Red Hat Enterprise Linux 4 and Red Hat Enterprise Linux 5

Red Hat Enterprise Linux 4 and 5 do not include ABRT, and as such they are not vulnerable to these issues.

Red Hat Enterprise Linux 6

The abrt package in Red Hat Enterprise Linux 6 is vulnerable to some of the issues but only allows privilege escalation from the local system user "abrt", so this flaw is considered to have a Moderate impact. The local system user "abrt" is not used for interactive login sessions and is shipped as a disabled user by default.

Red Hat Enterprise Linux 7

The abrt package in Red Hat Enterprise Linux 7 is vulnerable to some of the issues and allows local privilege escalation to root.
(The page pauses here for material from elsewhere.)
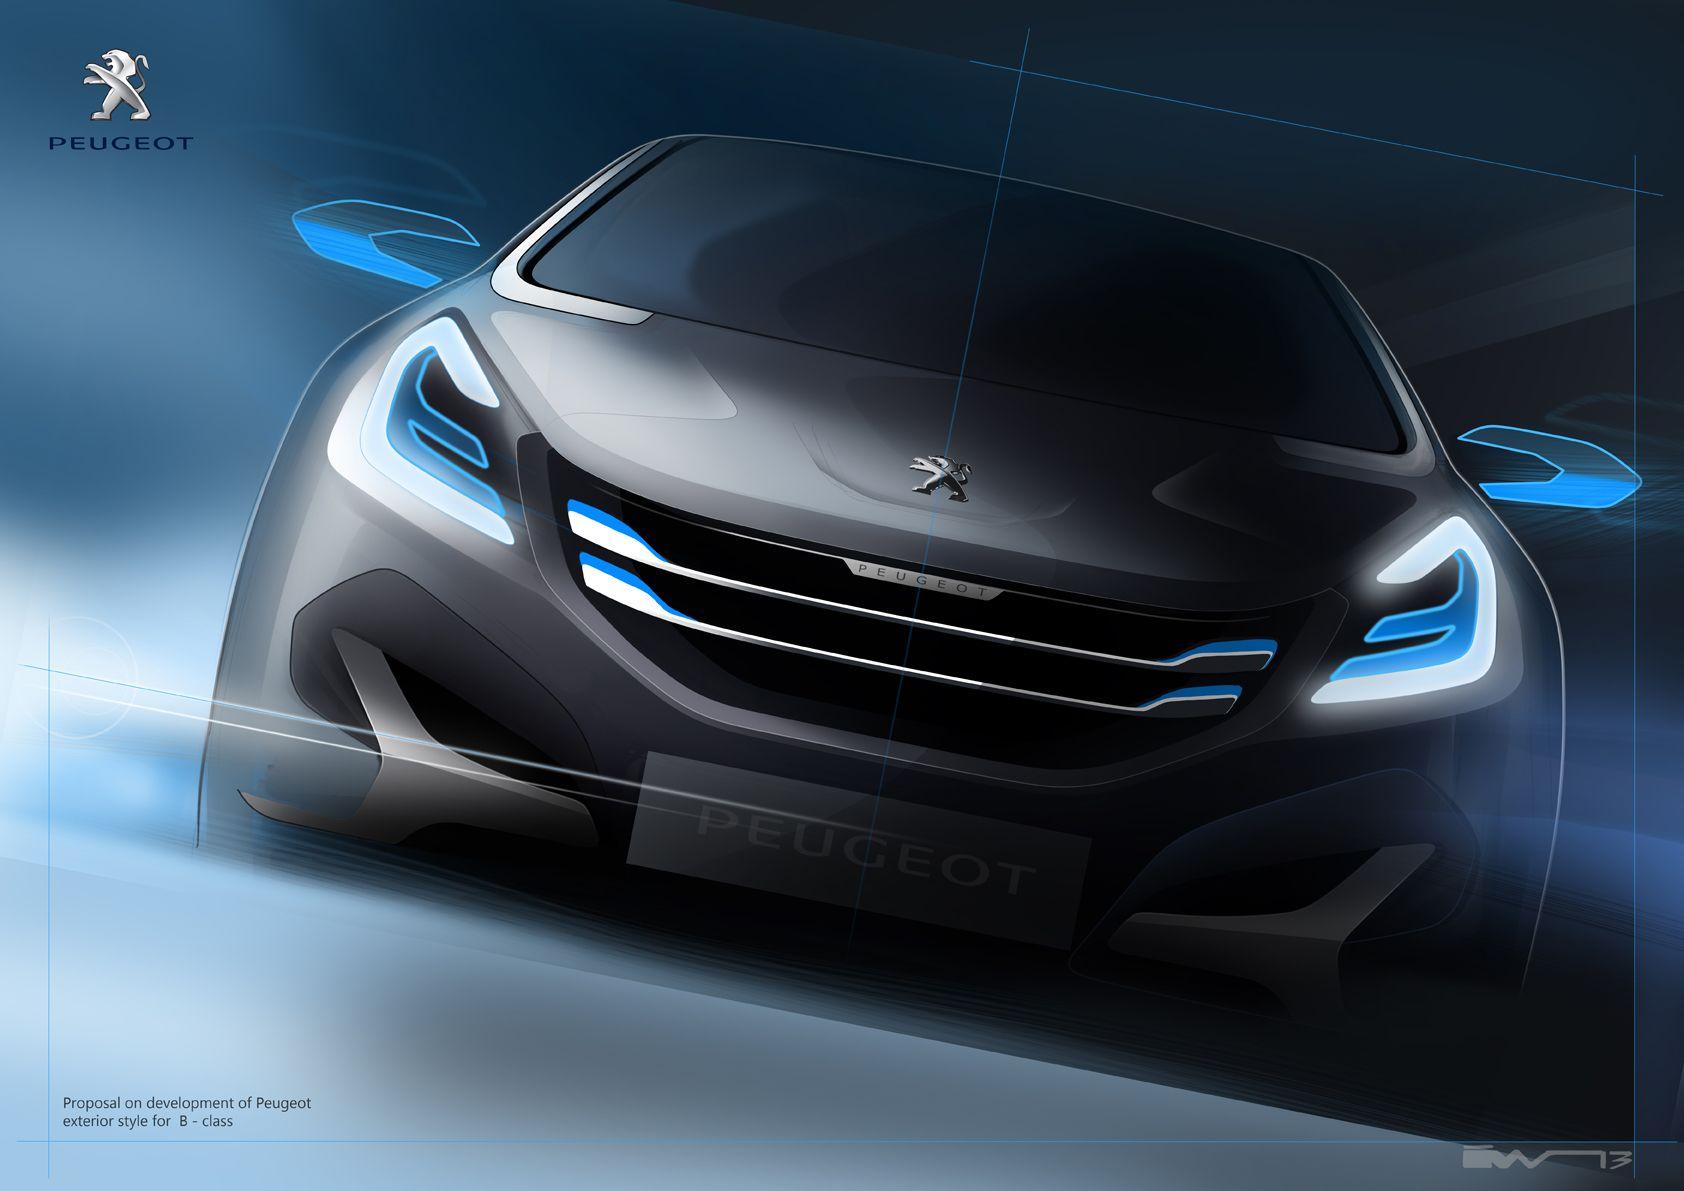 Peugeot proposal sketch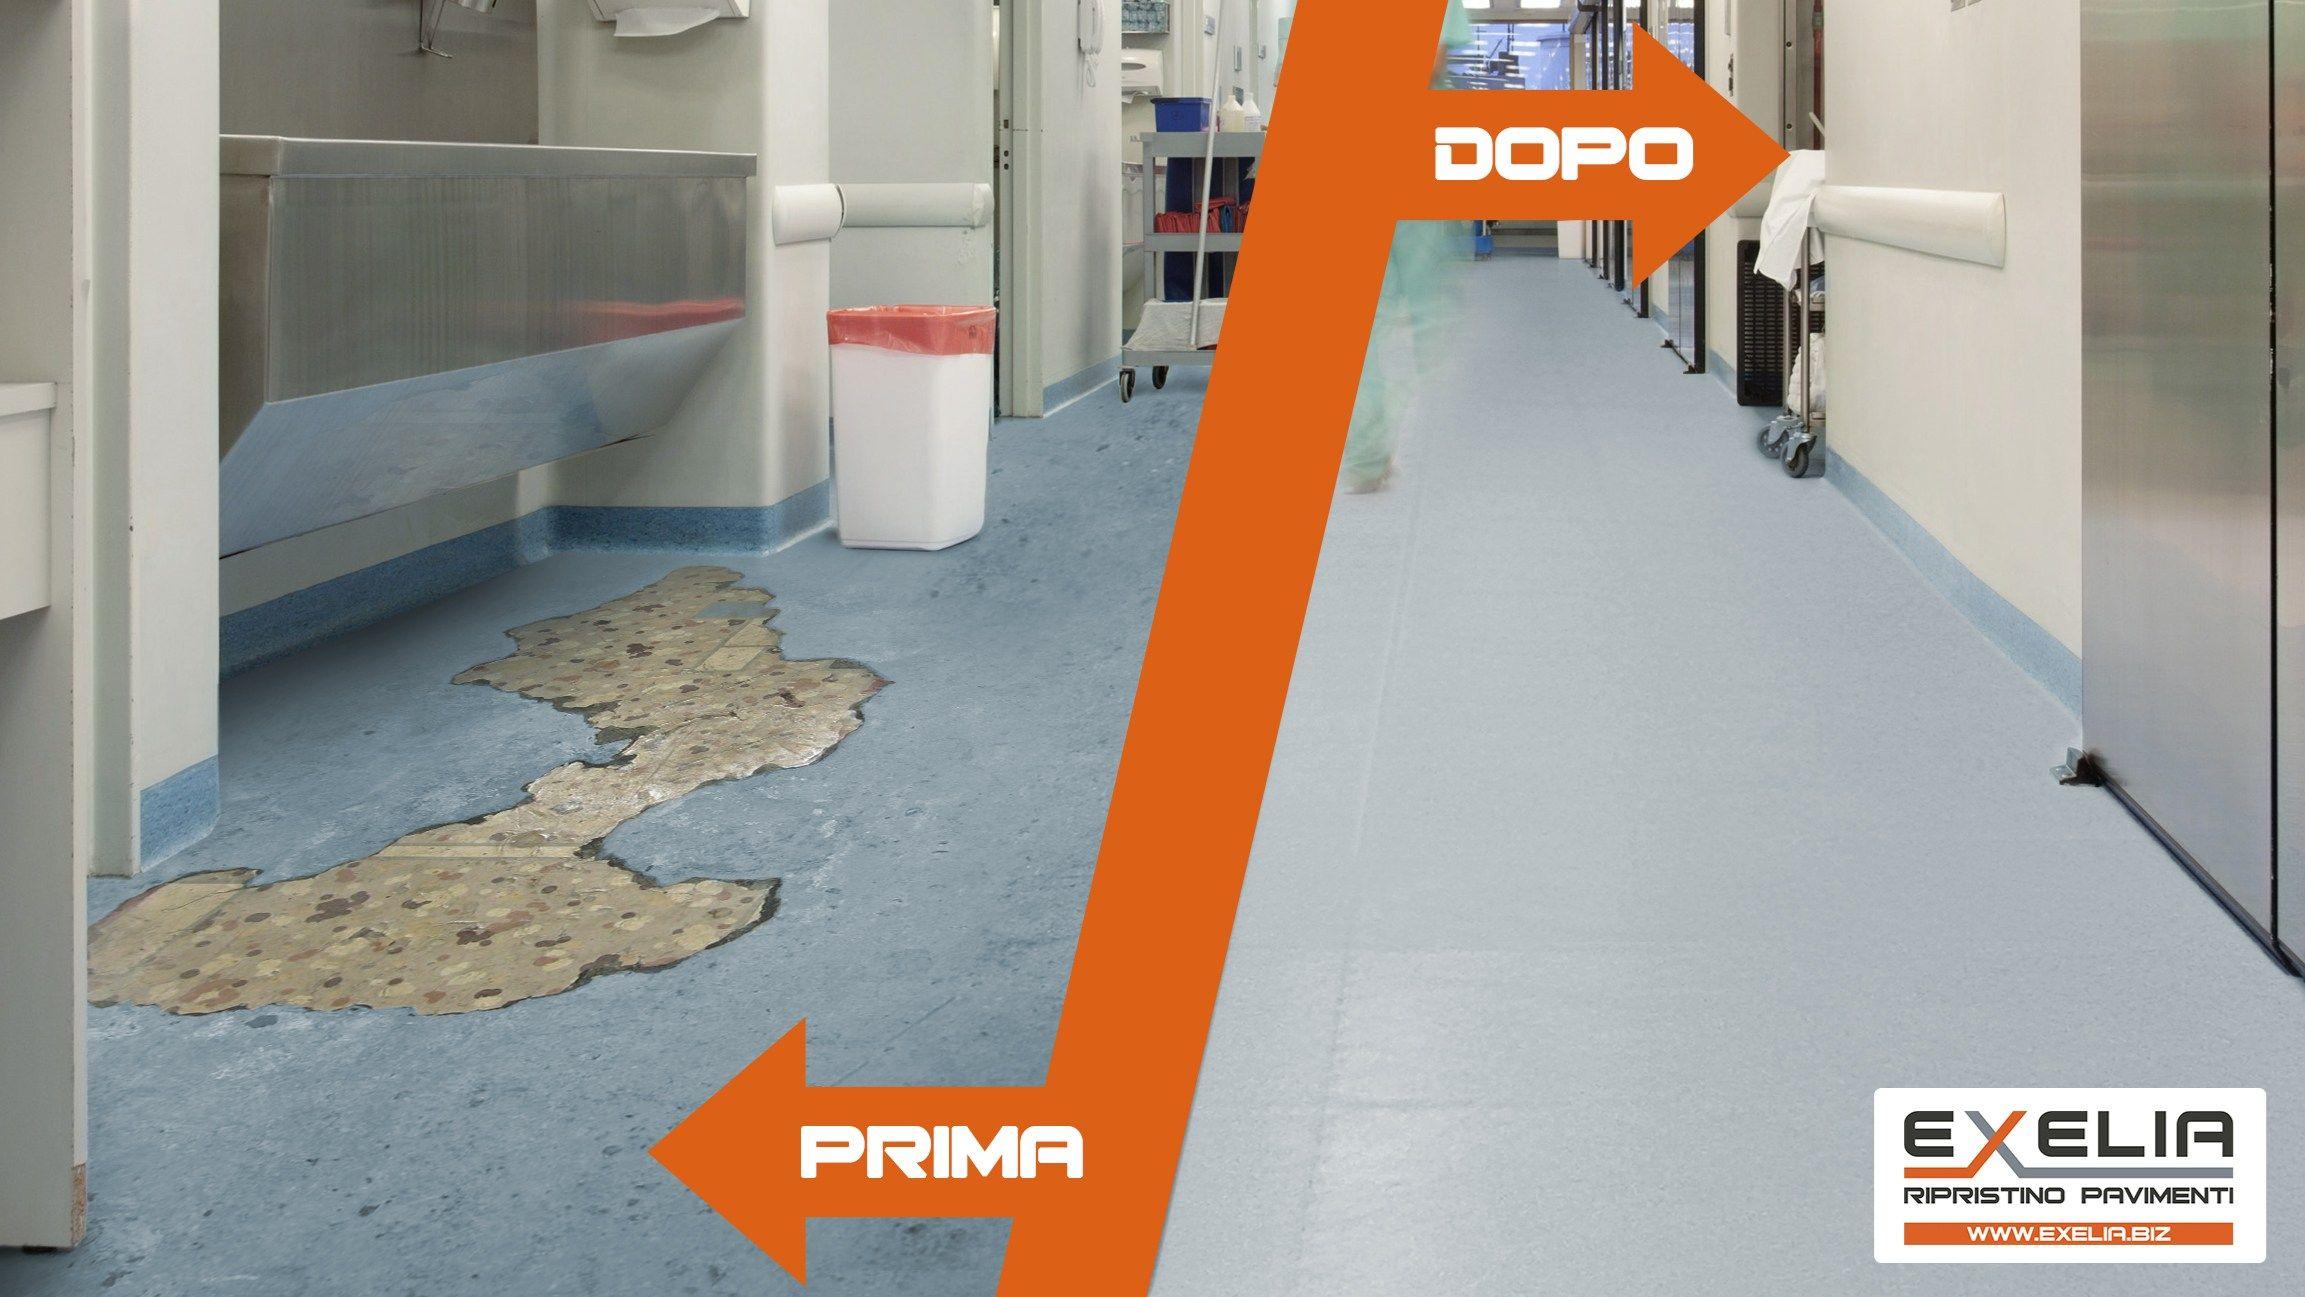 Ripristino pavimenti exelia by m p i - Piastrelle garage prezzi ...

This issue is rated Important and an update is in progress.

Resolution

An update is in progress for Red Hat Enterprise Linux 7. To eliminate the possibility of exploitation, install an updated ABRT package on your system as soon as it is available.

An update for Red Hat Enterprise Linux 6 is not a priority at the moment, as the issue is considered to only have a Moderate impact on that version.

Mitigation Steps

ABRT is not an essential system service, and corefile collection can be safely disabled by the administrator until the updates are deployed. The commands below stop and disable the service until it is next enabled and started explicitly by the administrator.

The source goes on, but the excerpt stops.